Hey everyone.
I make Peersuite, an opensource free communication platform.
It’s private by default, there’s no sign-in or email collection.
It’s peer-to-peer, there’s no server, after discovery you are connected directly to your friends my AES-GCN encrypted WebRTC channels. It forms a mesh and identifies superpeers. Because there is no server, in order to save your data between sessions, you can download your workspace into a password encrypted file. Happy to answer any questions.
FEATURES:
- chat with images, PMs, channels, and file send
- group audio/video calling
- screensharing
- kanban board
- whiteboard for diagrams/flowchartswith PNG export
- collaborative document editing with formatted PDF export
The best way for self hosting is docker, its on dockerhub as openconstruct/peersuite. You can also download desktop versions from the github or use on the web at https://peersuite.space/
just improve the UI, rest is great
Kanban is interesting, as it makes it seem like its geared towards work in some ways?
Is Documents a wiki section or a file repo?
OK, so I tested Peersuite with a friend and I have to say: wow!
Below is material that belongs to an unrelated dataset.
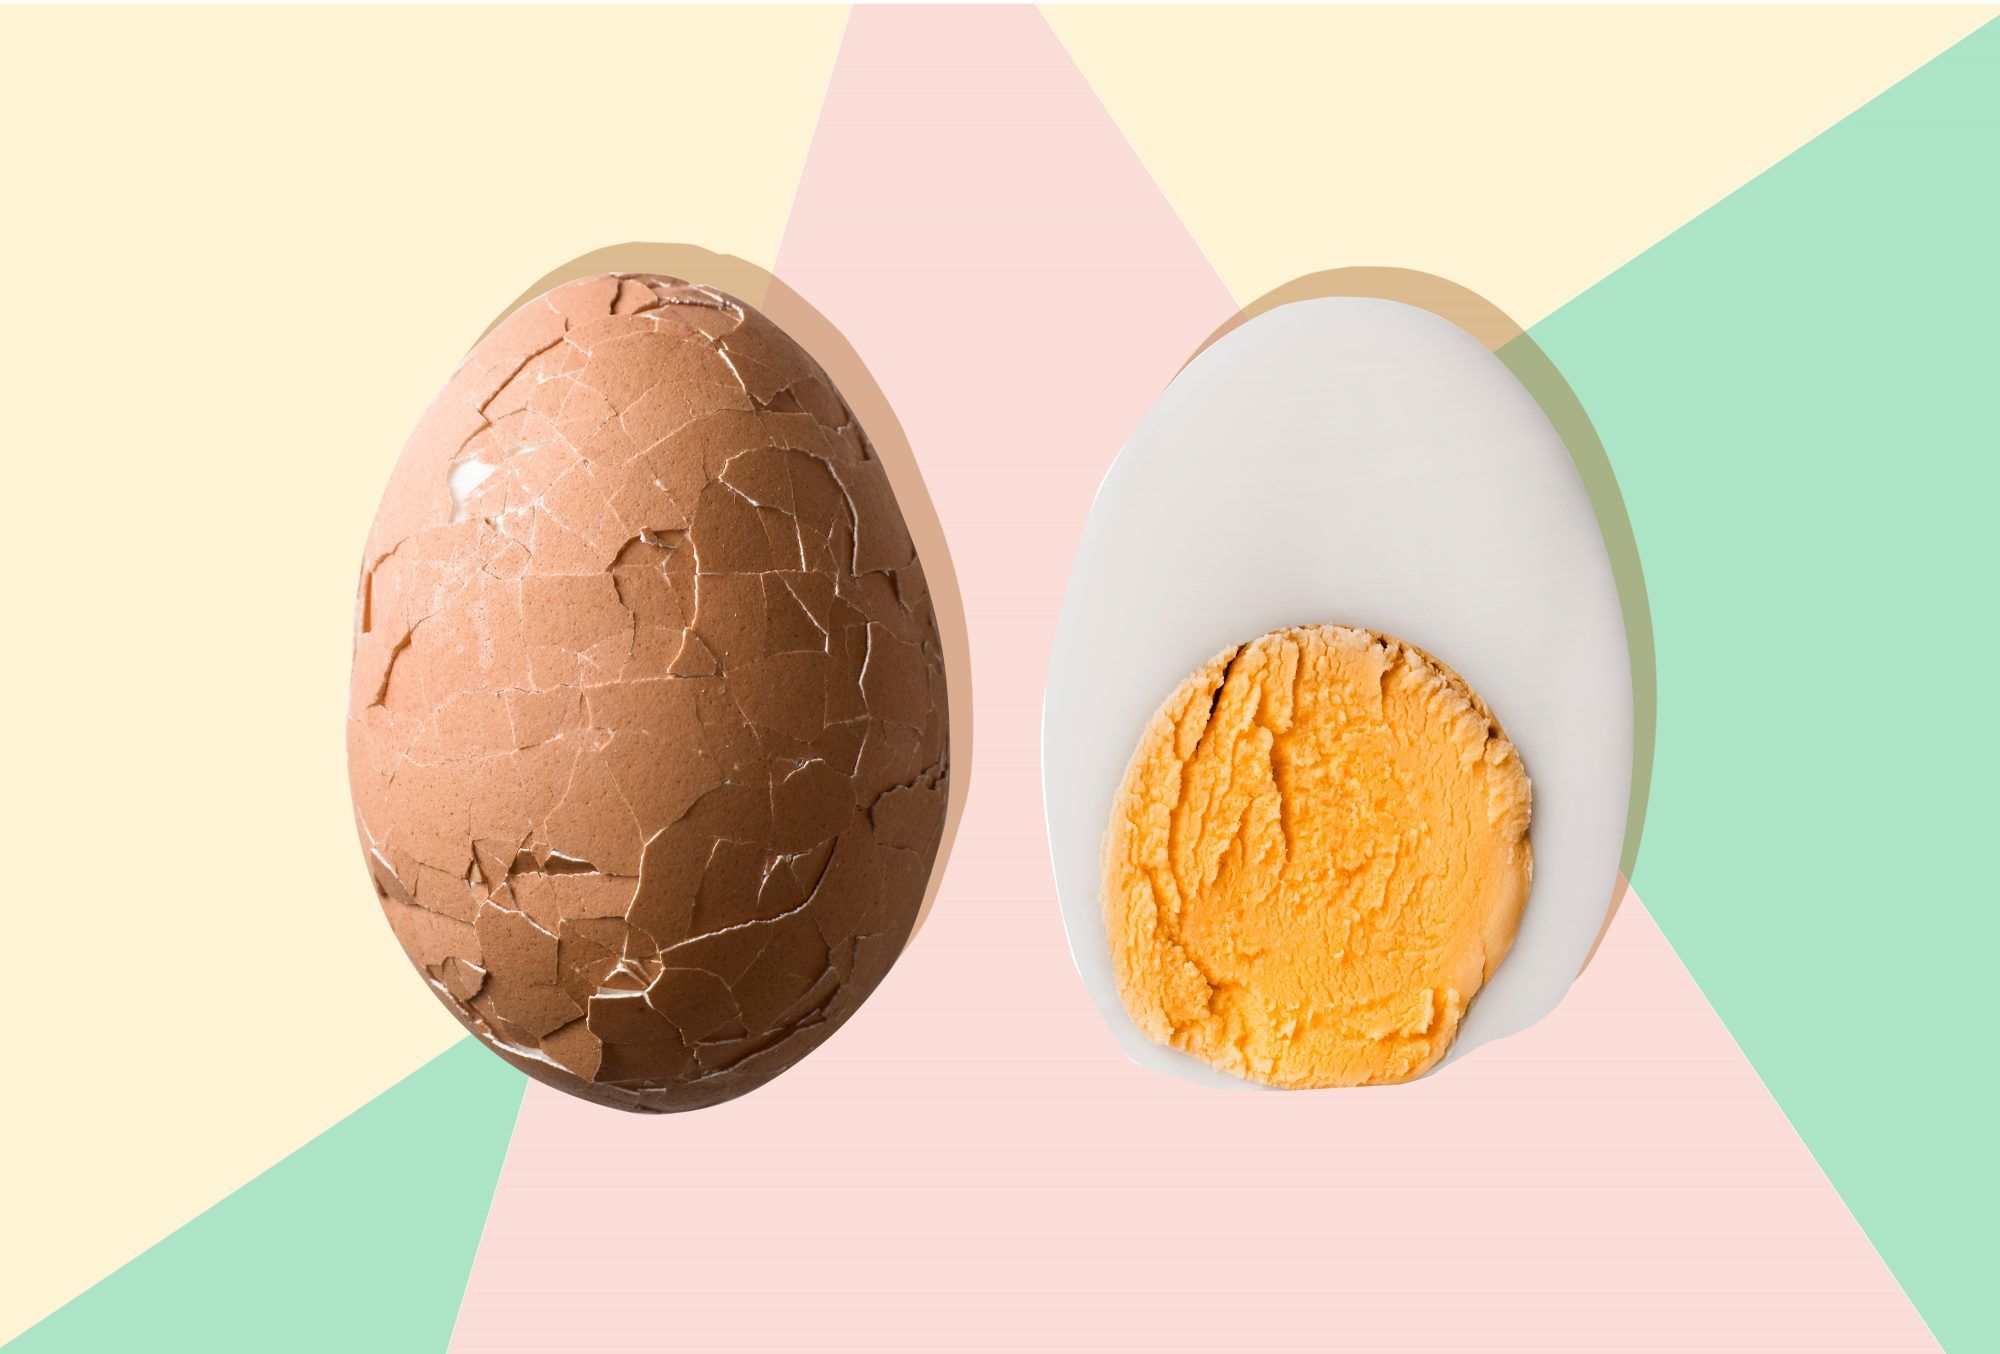 9 თვალის გასახსნელად უზუსტობა, რომელსაც ალბათ მწამს კვერცხის ჭამის შესახებ

We have collected a bit of feedback we would like to share:
Positive: The audio, video and screenshare quality is outright amazing and much better than Discord. We had no crackling, delays or any other disturbances in any of those features. The UI is simple and functional, and everything is snappy and fast. It is also very easy to setup a workspace and to find yourself around the overall UI.
Negatives: There appears to be no option to also share audio while screensharing, which currently is a major drawback for us. There is no dedicated audio channel. As soon as someone starts an audio call, you’ll hear the person no matter what. Only if you purposely join the call, will the others hear you. Opting in and out of an audio channel like in Teamspeak or Discord would be nice. When my friend started a video call, the audio input of the webcam’s microphone got activated, so I heard him twice. When he turned off the video call, the webcam’s microphone stayed activated. Once someone shared their screen or their webcam and turned it off later, you would still see them in the video and screenshare menu but with the picture being black. We would expect to be gone when closing the stream. There is no option to adjust the volume of an individual user. It would be nice to assign users to carts or columns on the Kanban Board. It would be nice to adjust the size of the Collaborative Whiteboard.
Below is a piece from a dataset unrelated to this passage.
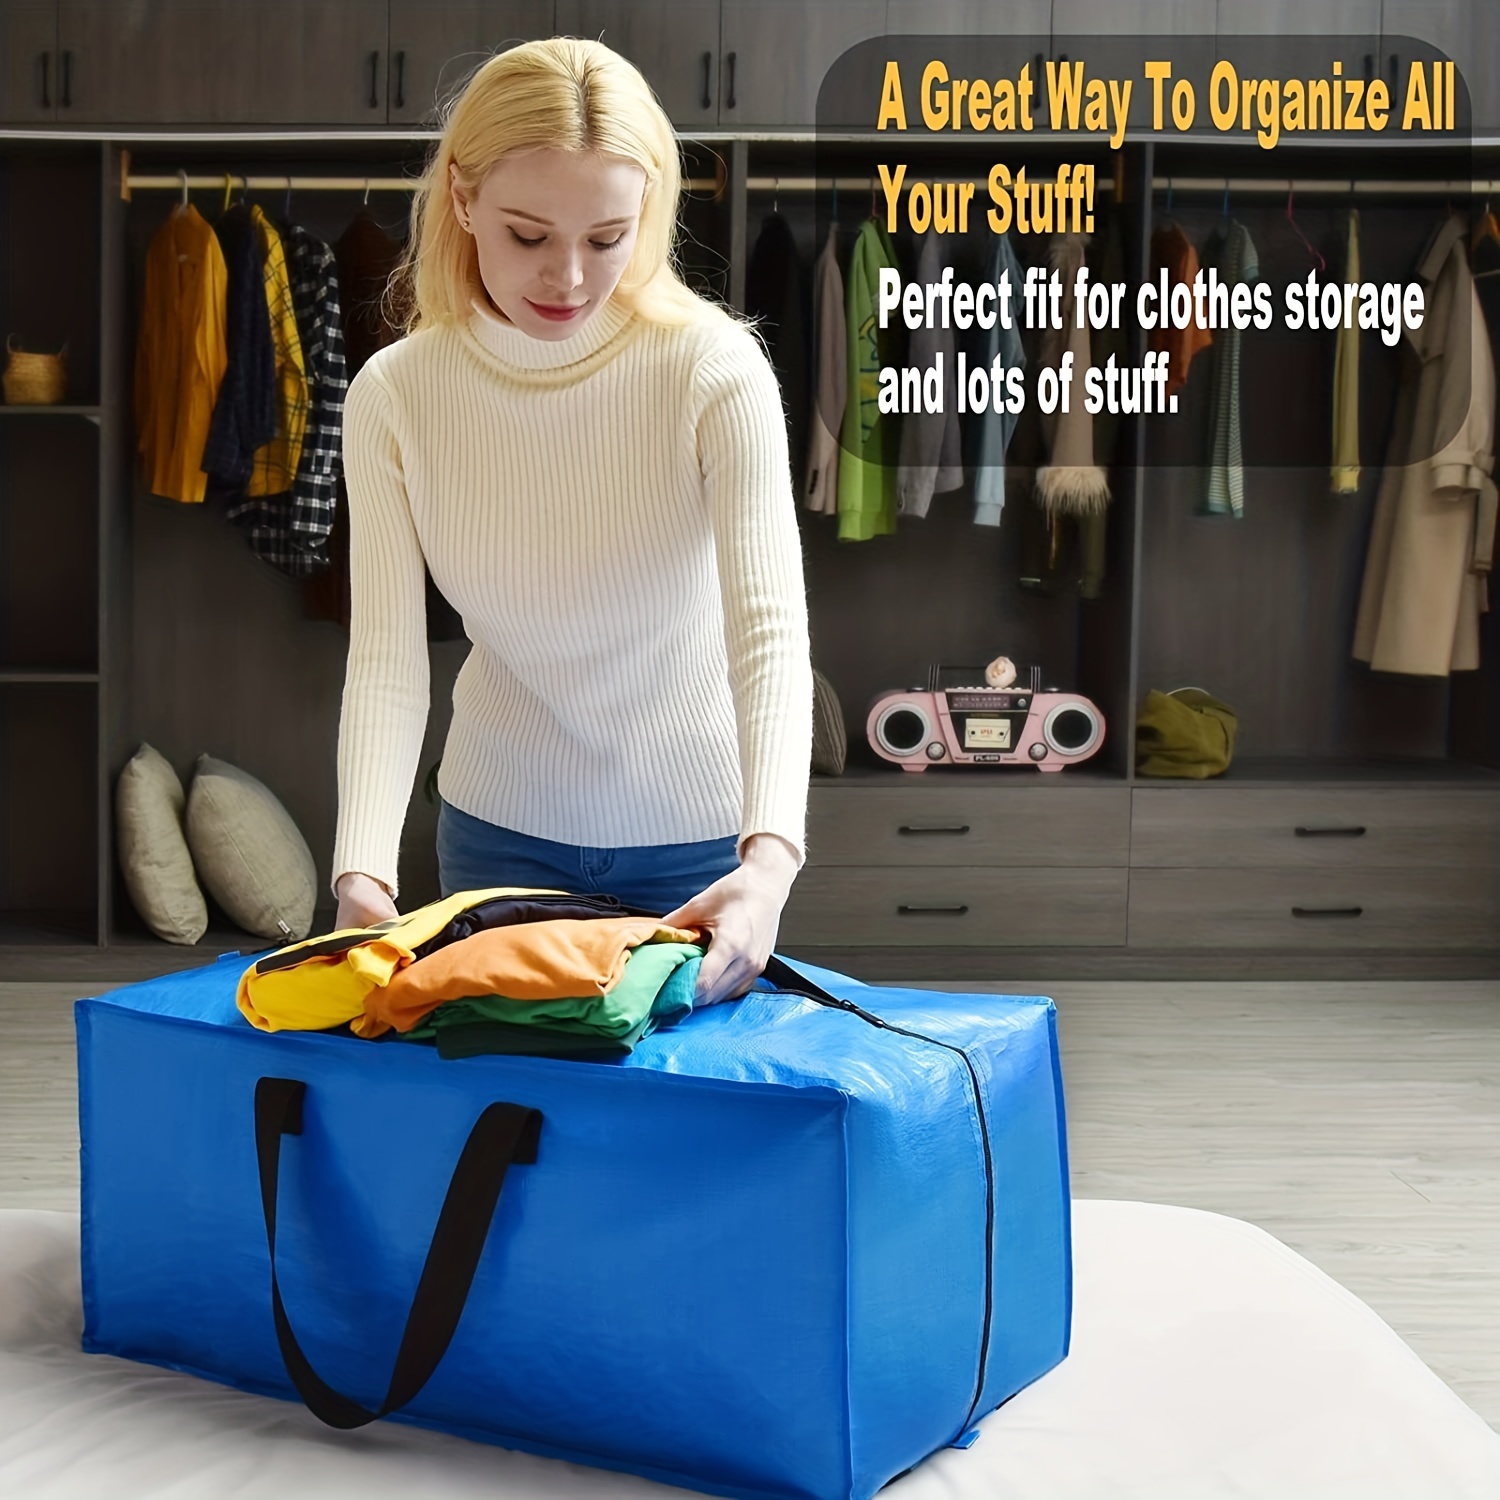 2x IKEA Frakta Large Blue Storage Carrier Bags Shopping Laundry Moving |  eBay

It might seem like we are complaining a lot, but we actually really like the experience so far, so thank you very very much!! Once you can also share audio with your screen, and once we can setup our own persistent server (and maybe be able to adjust the volume or mute a user, and have the audio room a bit more isolated from the rest), we are ready to jump ship.
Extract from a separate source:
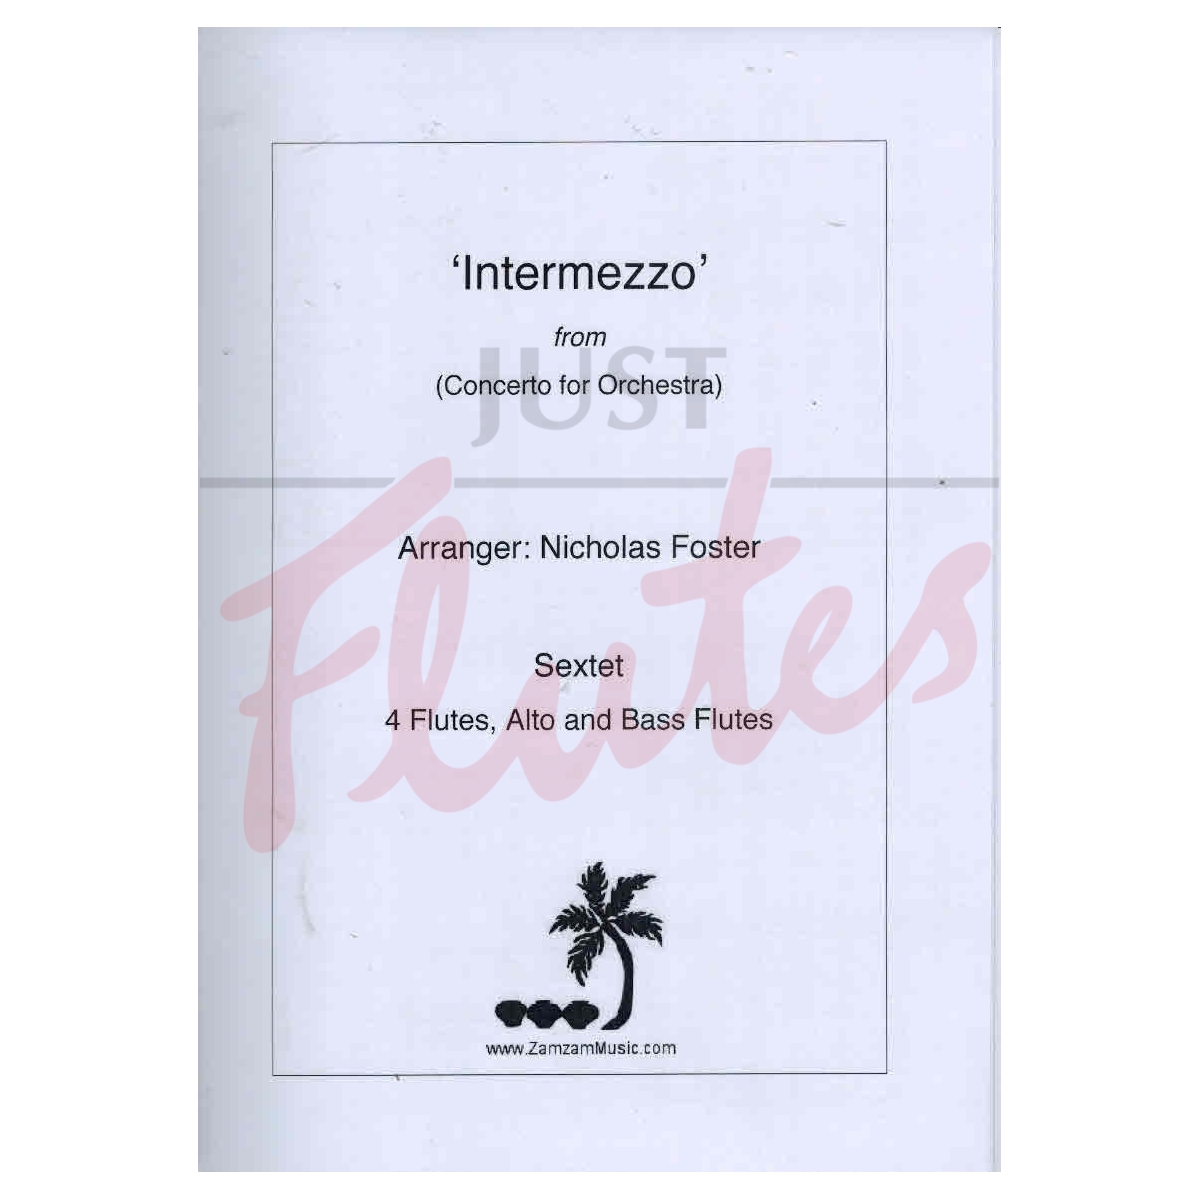 Intermezzo from Concerto for Orchestra

This review honestly sold me on trying it more than I already was. Assuming it gets actively maintained, this is a great roadmap feature/bug list. Perfectly presented constructive criticism. The internet needs more of this.
There are some seriously toxic fuckheads in this thread. Thanks for your effort so far, I look forward to seeing where your project ends up!
Thanks!
What does it do above matrix?
At a glance looks easier to setup, less complicated, a few more features, Kanban, Notes etc. One big thing is the P2P. Matrix needs a server to run, this is P2P.
Yeah but it also looks like it lacks federation and support for third party clients
federation isn’t really required here since account creation is trivial and non-persistent from the looks of it. Third party clients and being a protocol are definitely pros that matrix has over this. Matrix is definitely a lot more fleshed out than this project, but even though its new it already has more to it in some ways than matrix has. It also feels way more snappy than matrix, matrix can be sluggish at times.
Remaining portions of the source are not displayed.